Roger was completely free of any taint of cowardice. Craven he might be, but a coward? Never. A trifle. Roger was sincere when he called it that.
It was impossible for Daniel to read in the dim, rocking vehicle, and he had no one to talk to, so sleeping and thinking were the only ways to pass the long drive through the rain up to Cambridge. As he contrasted his fear of Mr. White (which was very much akin to the fear he had previously had of Jeffreys) with how he had once felt about this rock that was now in his pocket, a new hypothesis of cowardice came into his head. The Stone had made him sad, reluctant to die, and anxious—but his fear of it had been as nothing compared to his fear of Jeffreys, and now of White. Yet those men had only spoken threatening words to him. Even when Hooke had reached up between his thighs with the scalpel, Daniel had been gripped by a sort of animal fear, but nothing like the dread of Mr.

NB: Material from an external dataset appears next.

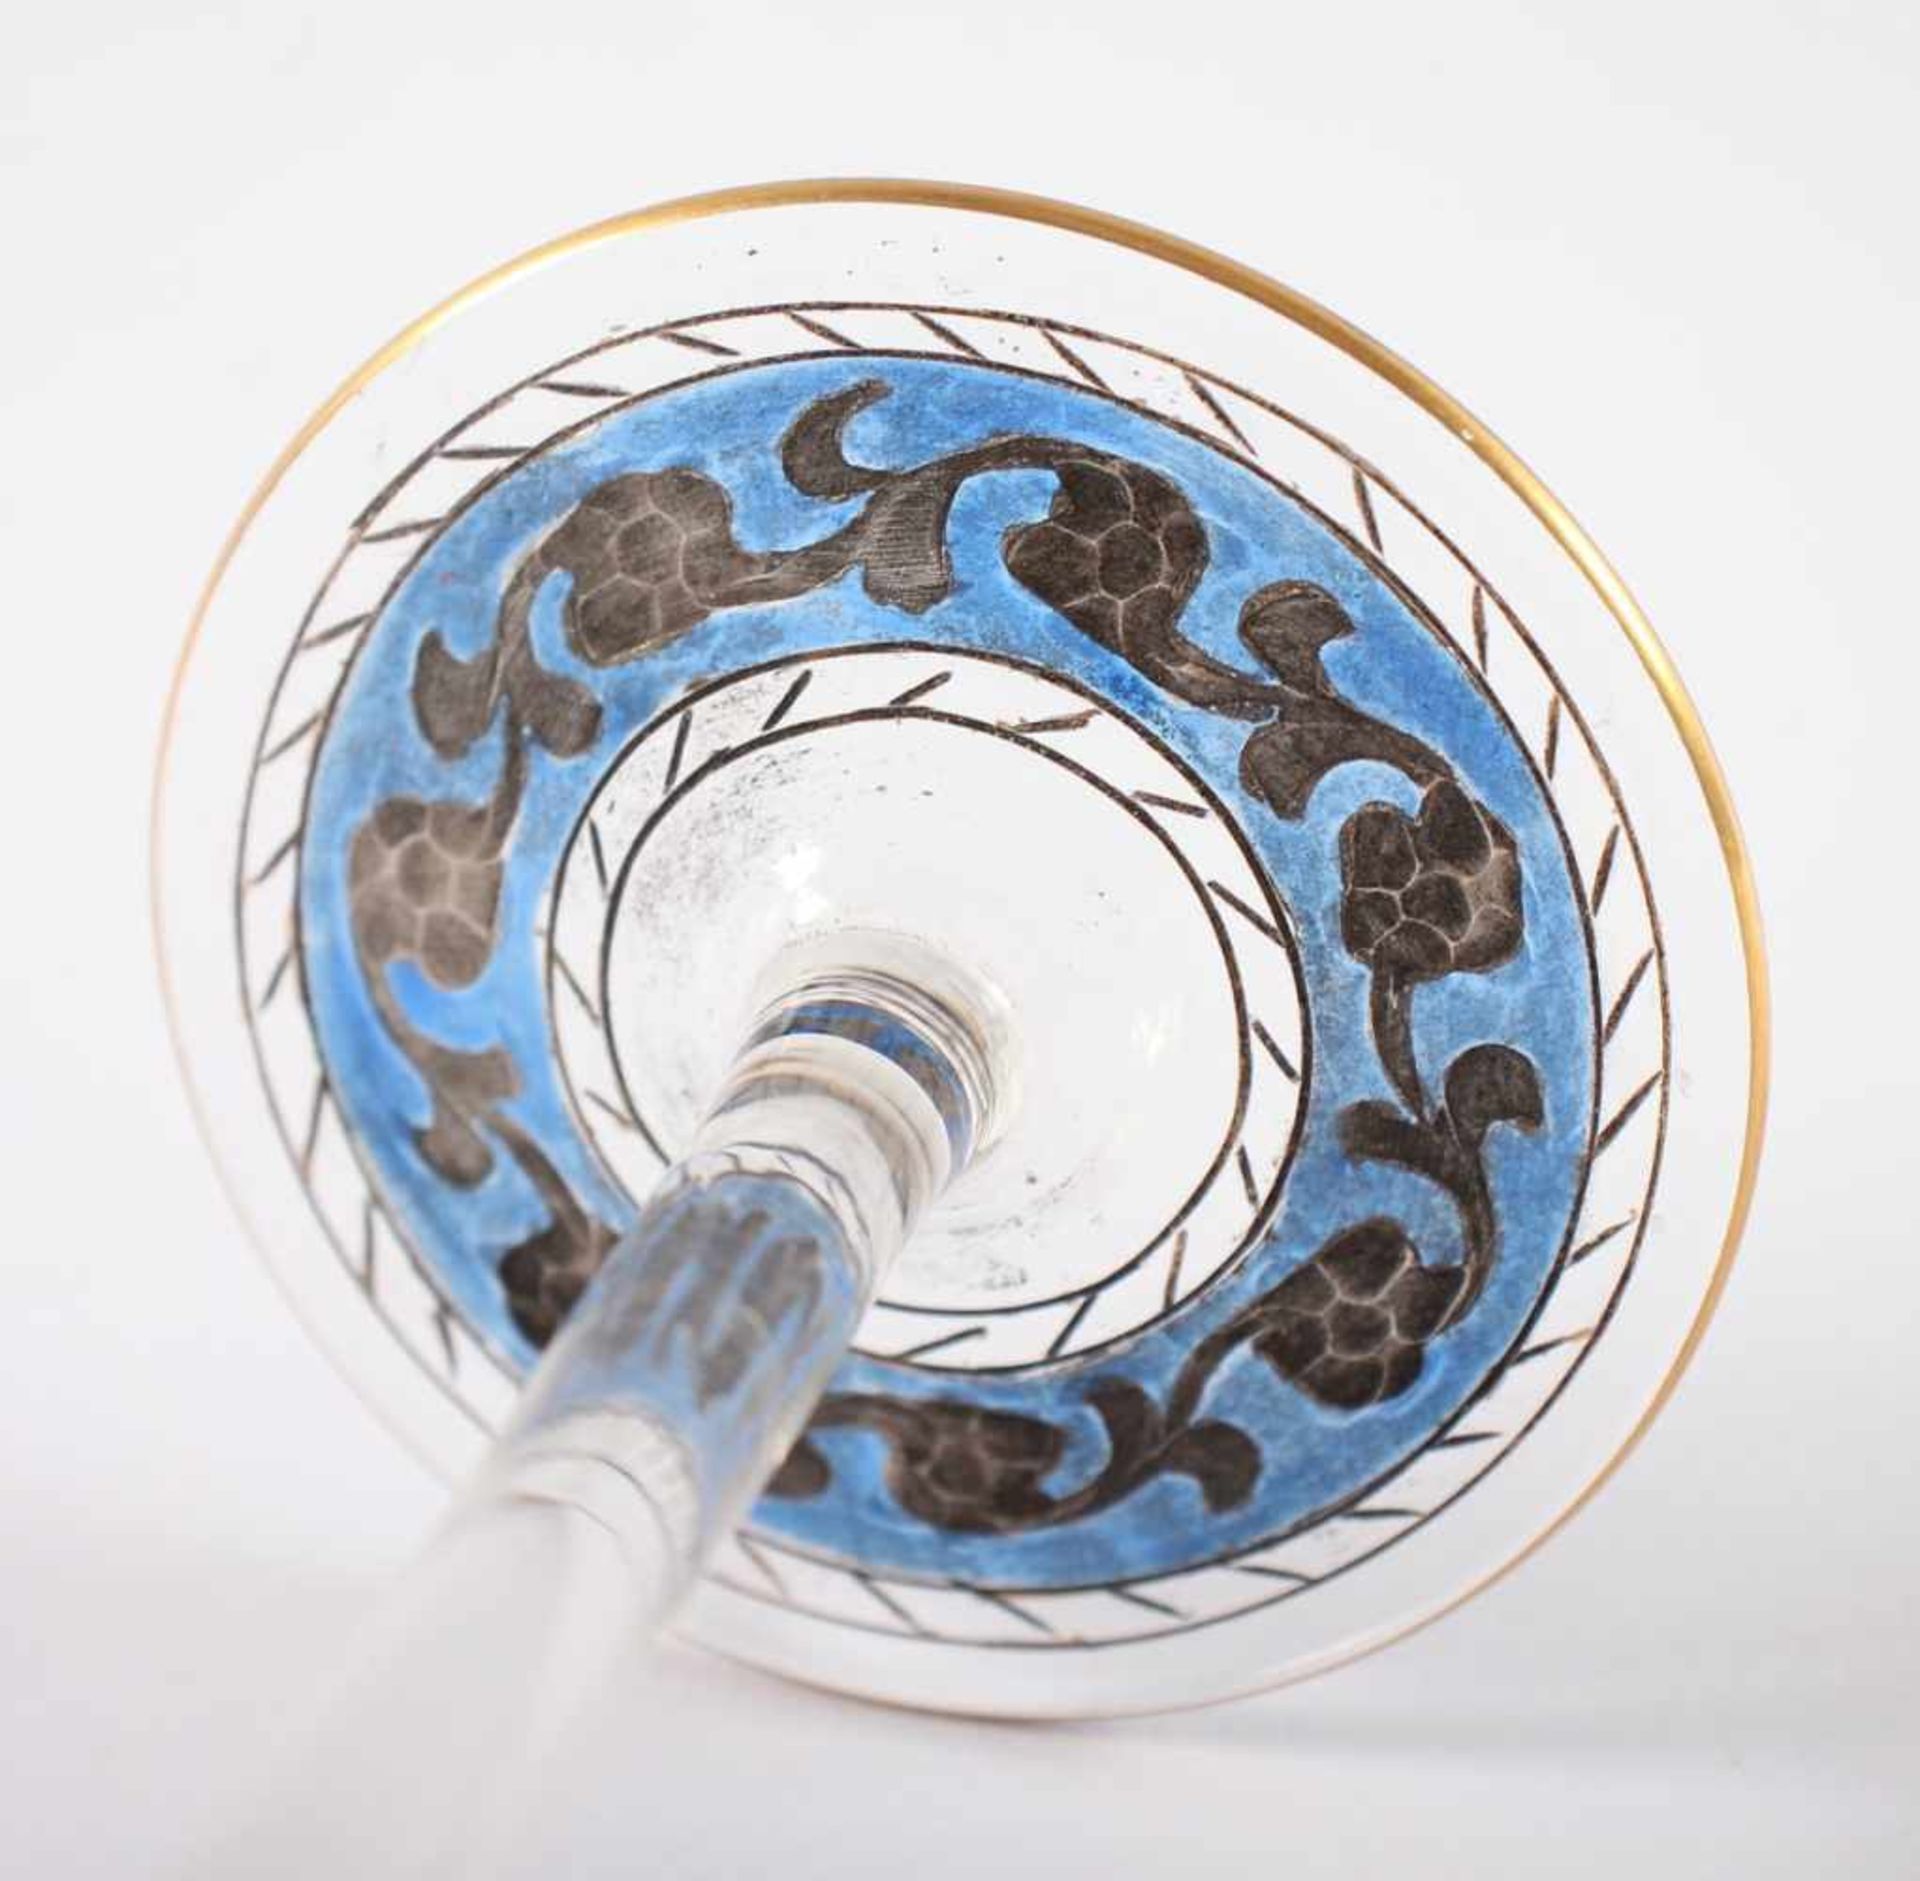 KELCHGLAS "JODHPUR", farbloses Glas, graviert, ornamentaler Dekor in polychromer Email- und - Bild 3 aus 3

White, which had kept him awake all last night.
The only difference he could think of was that Hooke liked Daniel and White hated him. Could it be, then, that Daniel's true cowardice lay in that he could not stand for people to think poorly of him?
That would be a strange shape for cowardice to take. But it tallied well with Daniel's experiences to date. It was Daniel's biography in a sentence. Further, perhaps it was the case that there were certain men, such as Jeffreys and White, who were adept at detecting this particular type of fear, and who had learned to cultivate it and use it against their enemies. Mr. John Hammond, the driver, had a long coachman's whip and used it frequently, but never actually struck the horses with it. Rather, he made it crack in the air around the heads of his team, and used their own fear to drive them.
When Daniel had sent Jeffreys to the Tower and to his scaffold-top meeting with Jack Ketch, he'd phant'sied that he had slain a dragon, and put an end to that part of his life. Yet now Mr. White had appeared out of nowhere. An alarming chap! But much more alarming was what this all implied, namely that the world had more than one dragon—that it was infested with them—and that a fellow who was afraid of dragons must perforce spend all his days worrying about one or another.